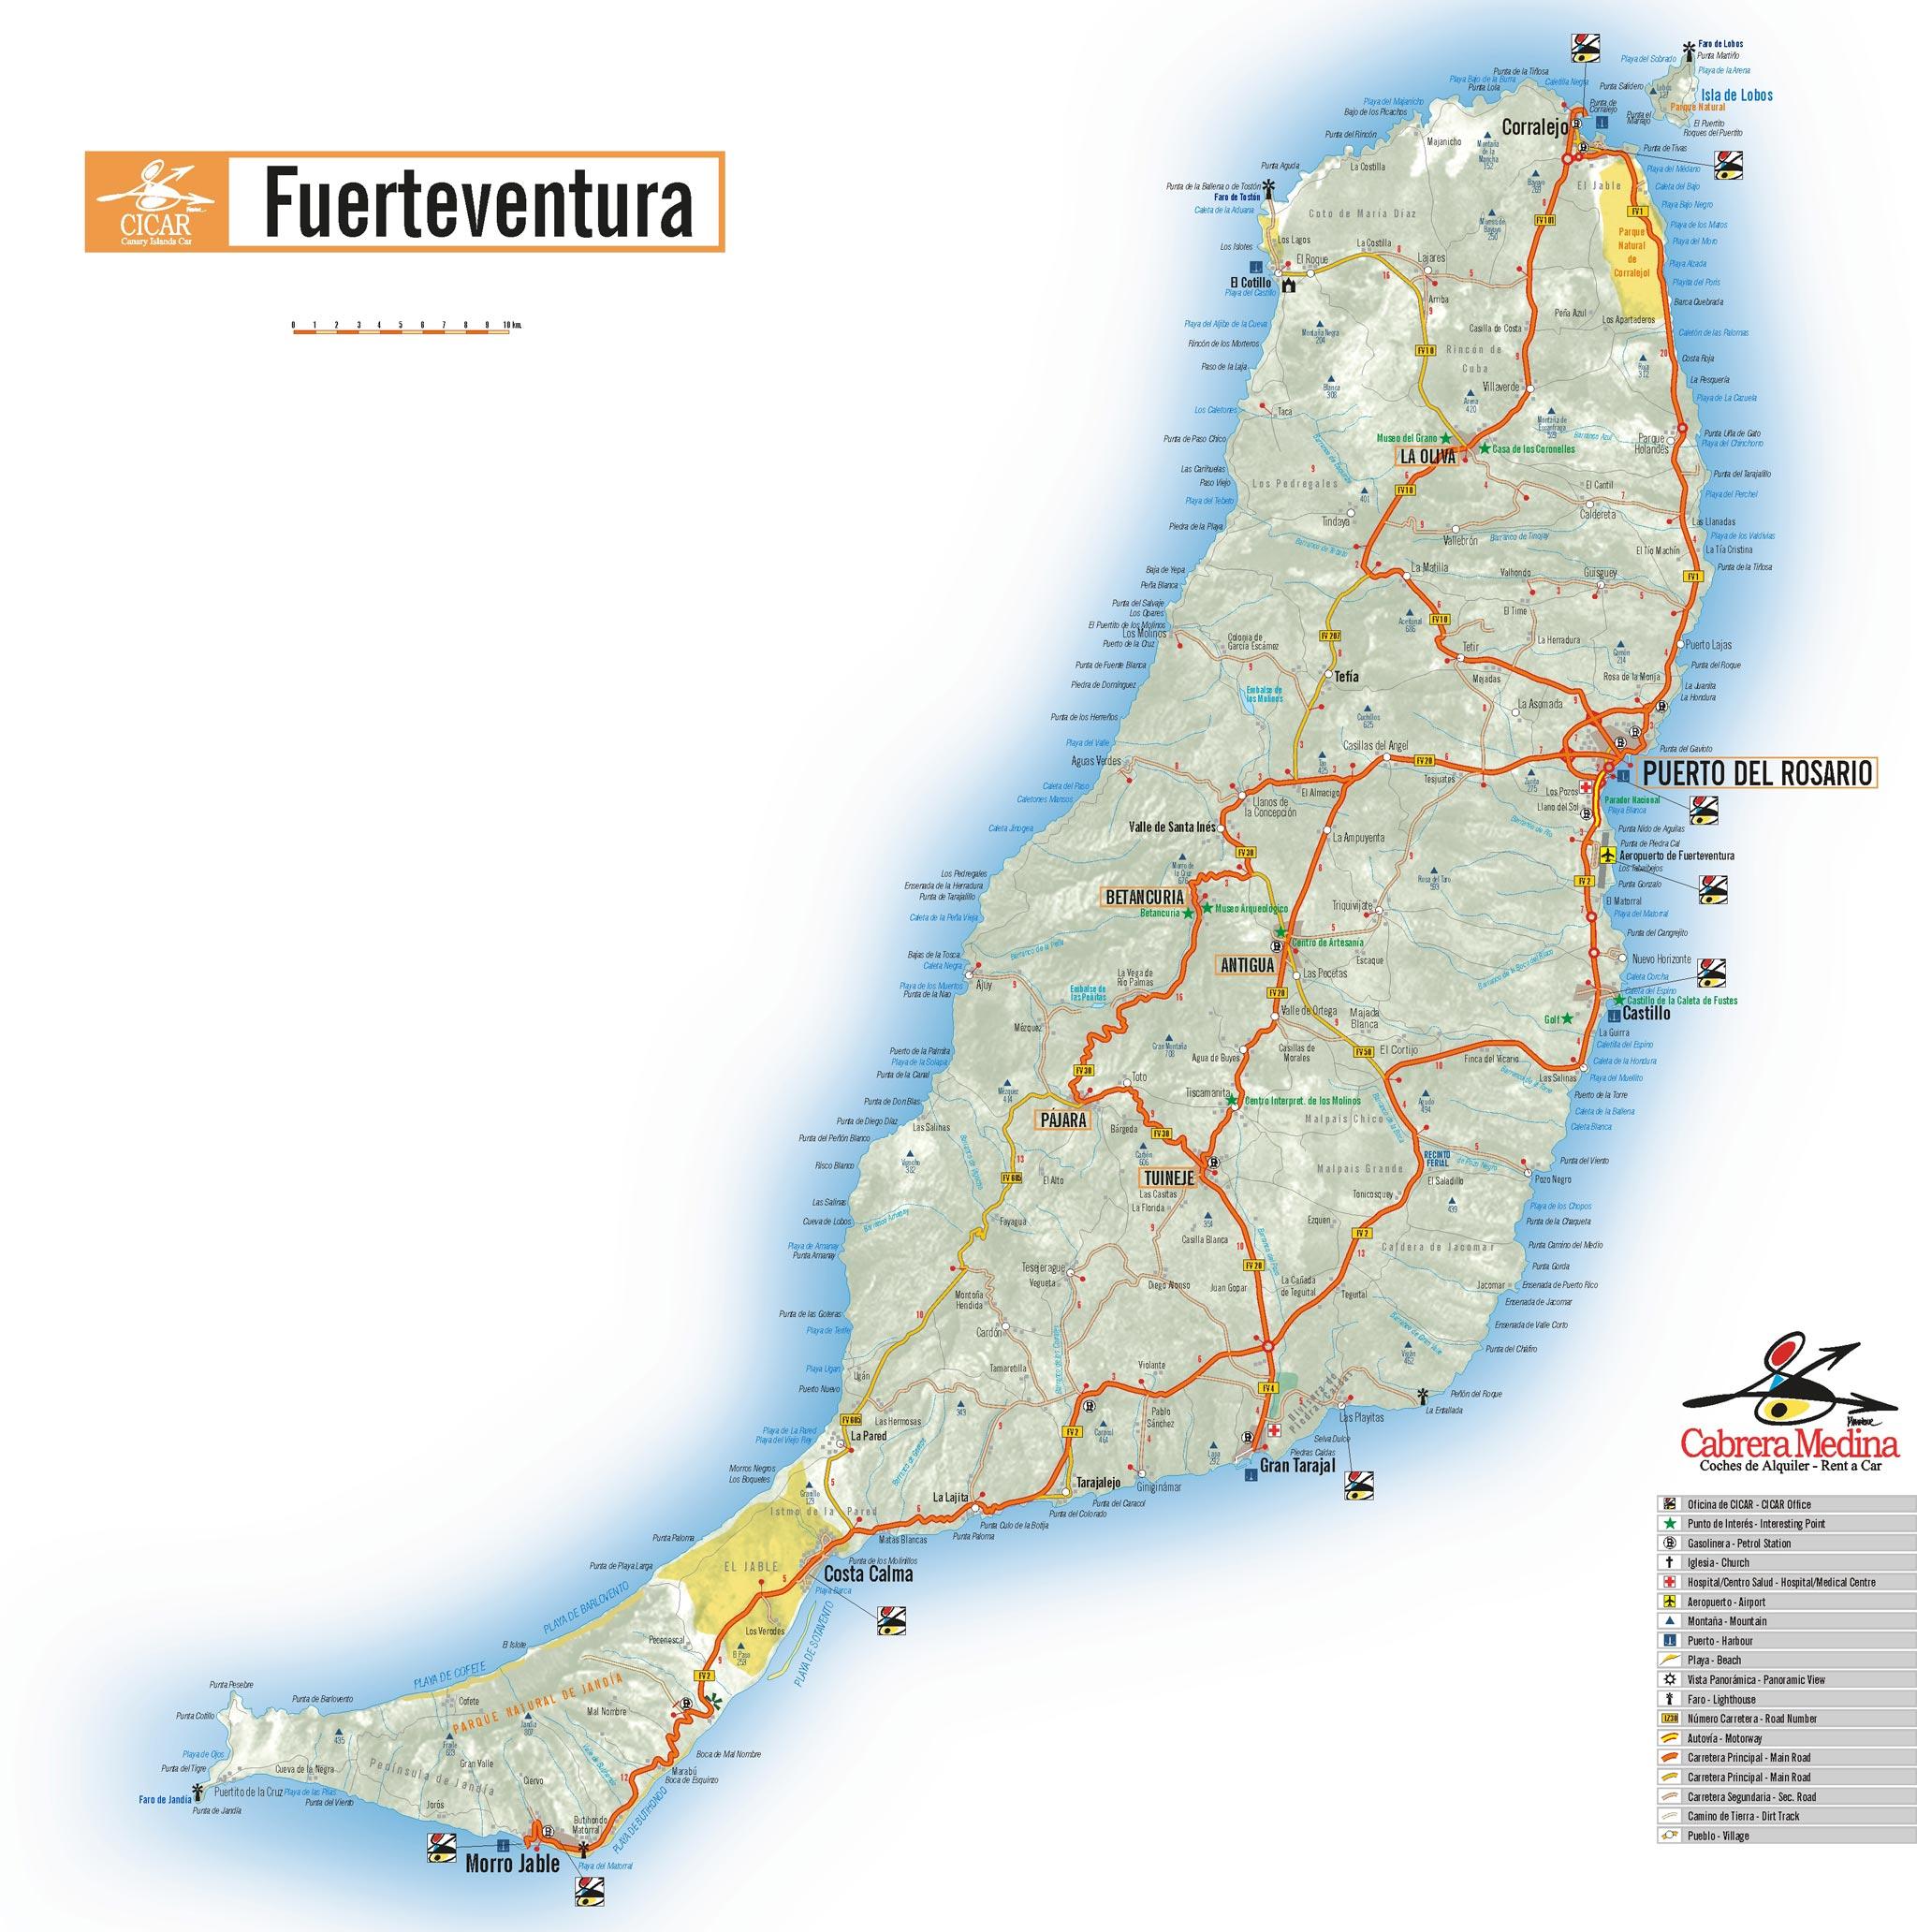 Cabrera Medina Car Hire Fuerteventura
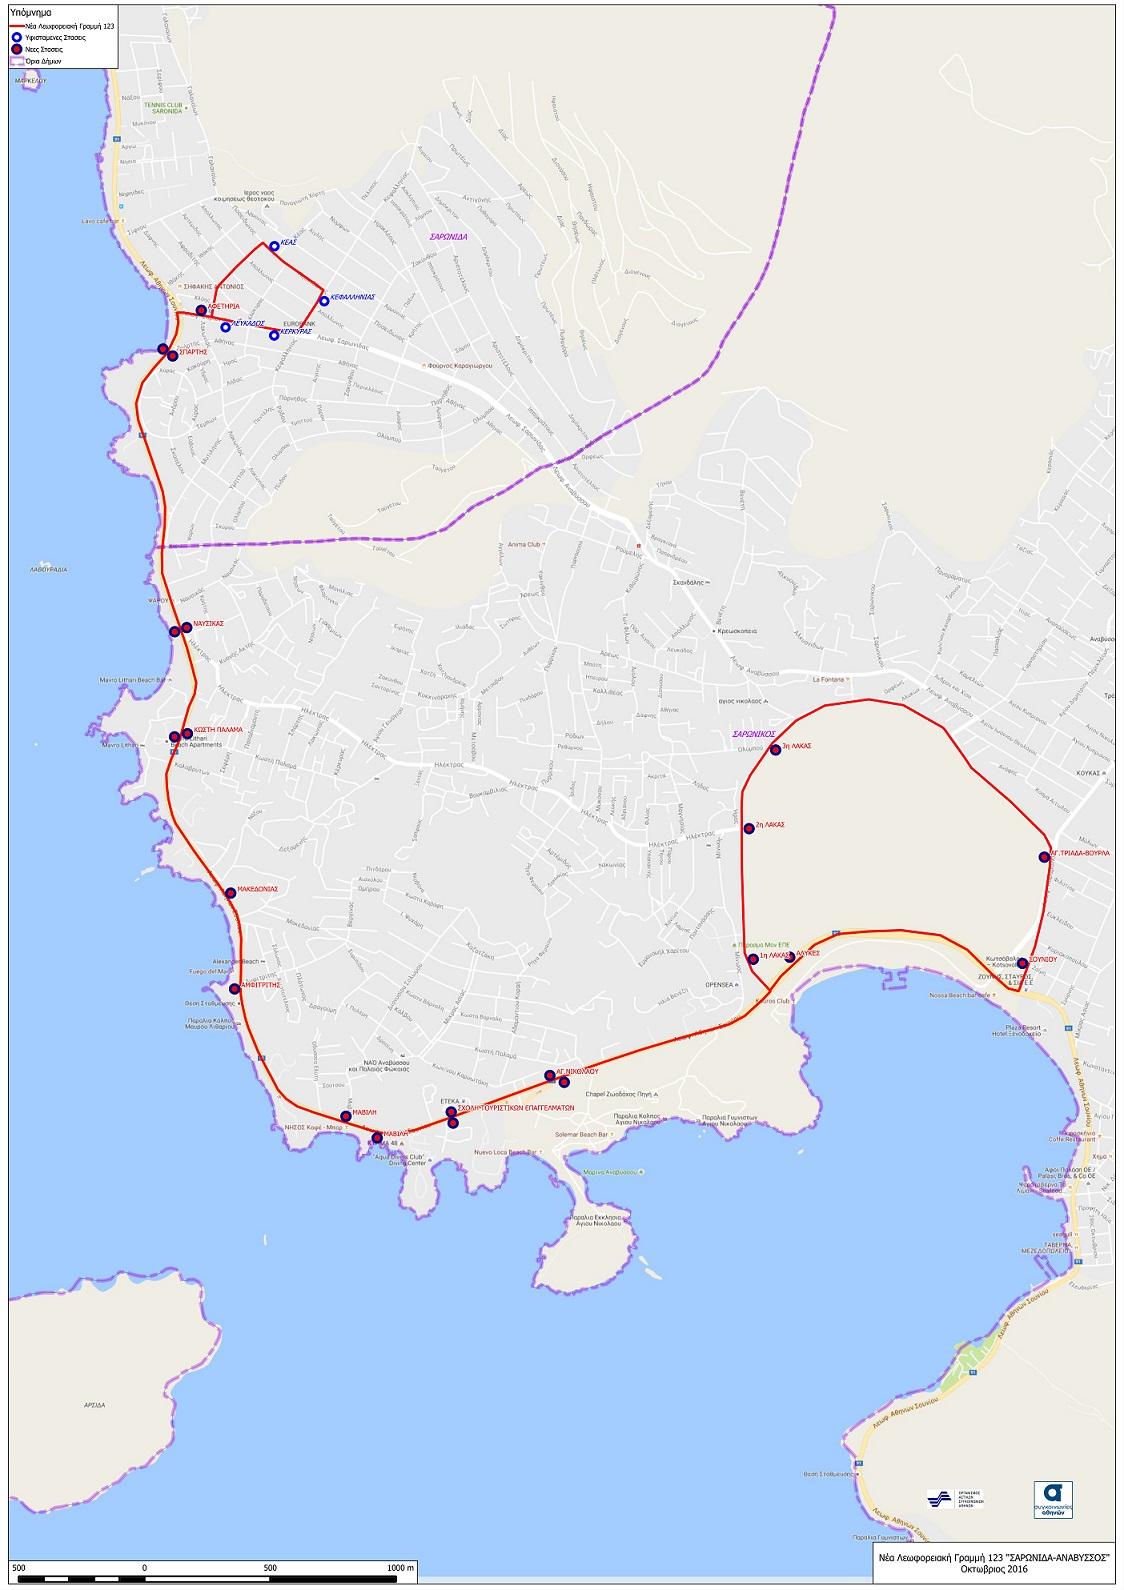 Χάρτης λεωφορειακής γραμμής 123
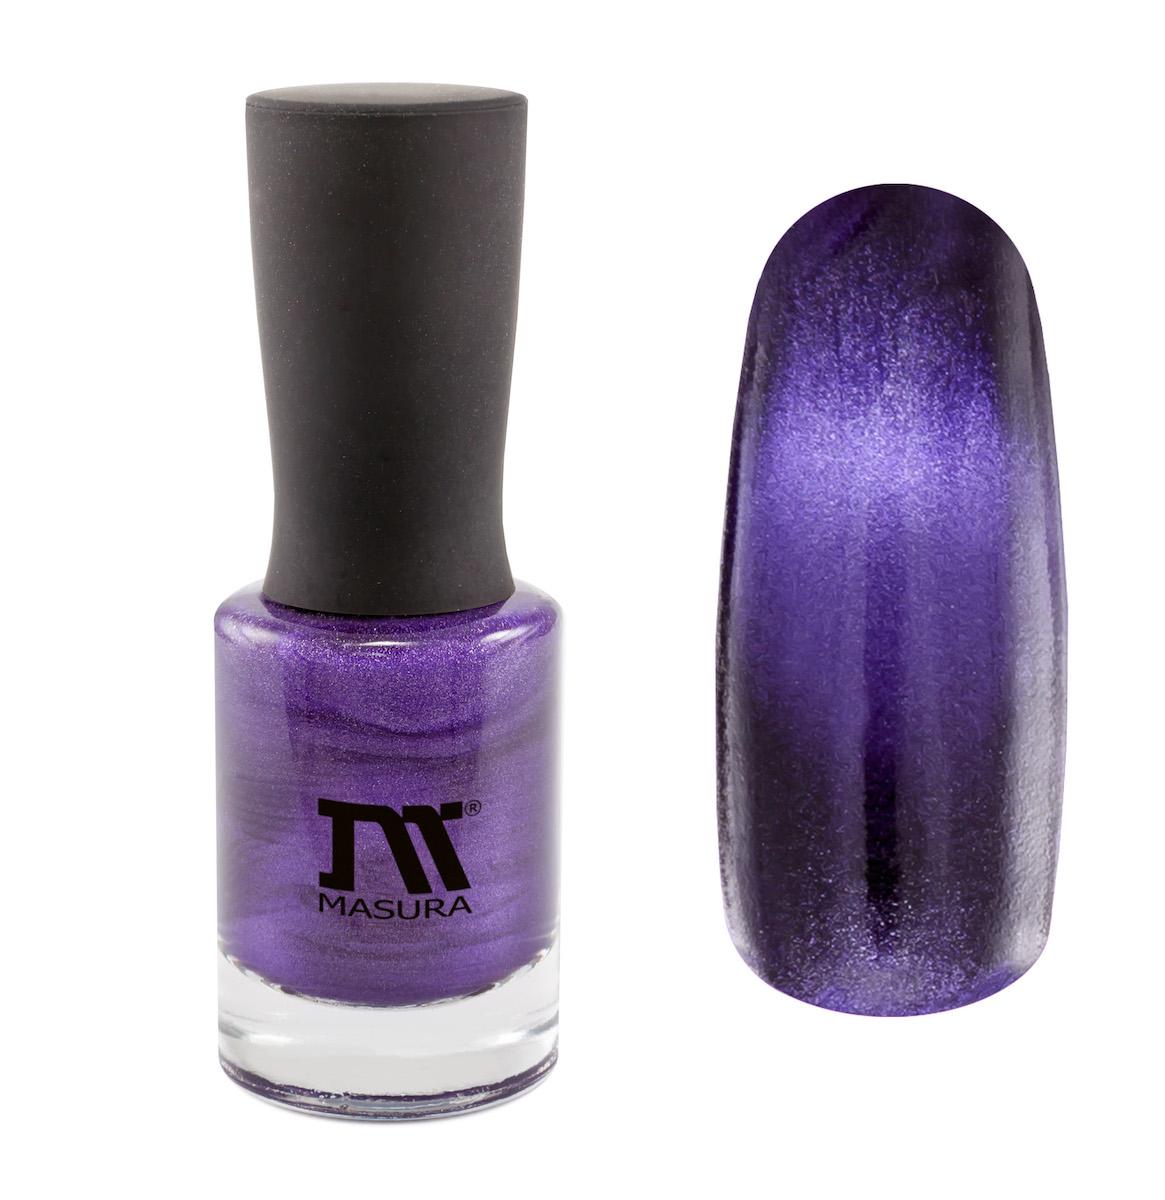 Masura Лак для ногтей Лиловый Ангелит, 11 млB2805704глубокий пурпурный, с сиреневым подтоном, плотный
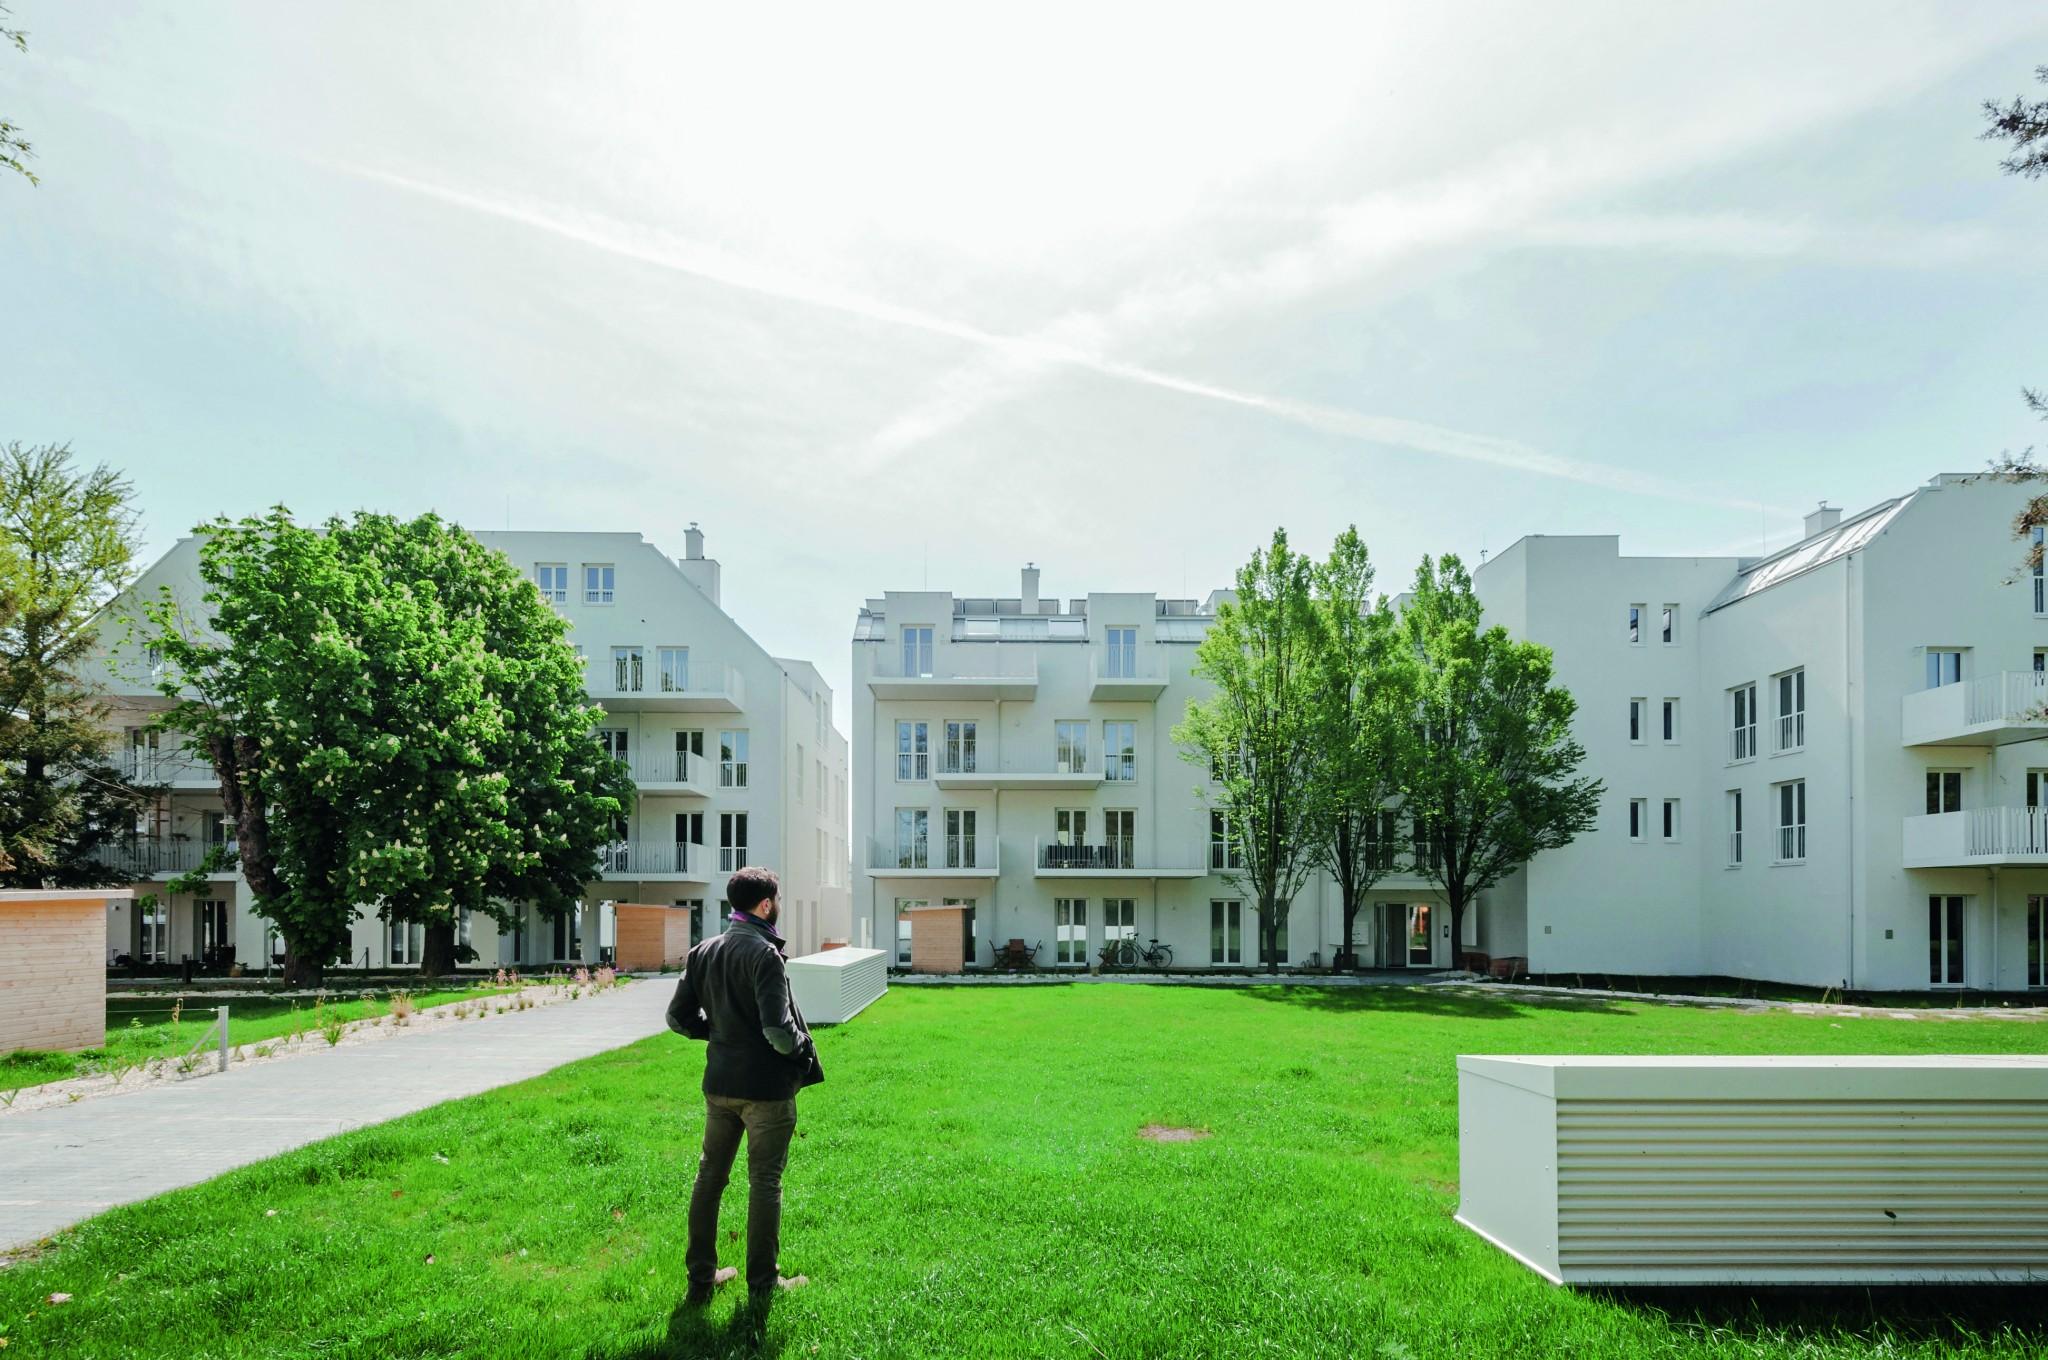 Außenküche Selber Bauen Wien : Umbau wohnhäuser gallgasse wien

• [Exercise directions]
Without including any picture, set down every line above exactly as it stands.

• [Solution for this exercise]
 Cabrera Medina Car Hire Fuerteventura
 Χάρτης λεωφορειακής γραμμής 123
 Masura Лак для ногтей Лиловый Ангелит, 11 млB2805704глубокий пурпурный, с сиреневым подтоном, плотный
 Außenküche Selber Bauen Wien : Umbau wohnhäuser gallgasse wien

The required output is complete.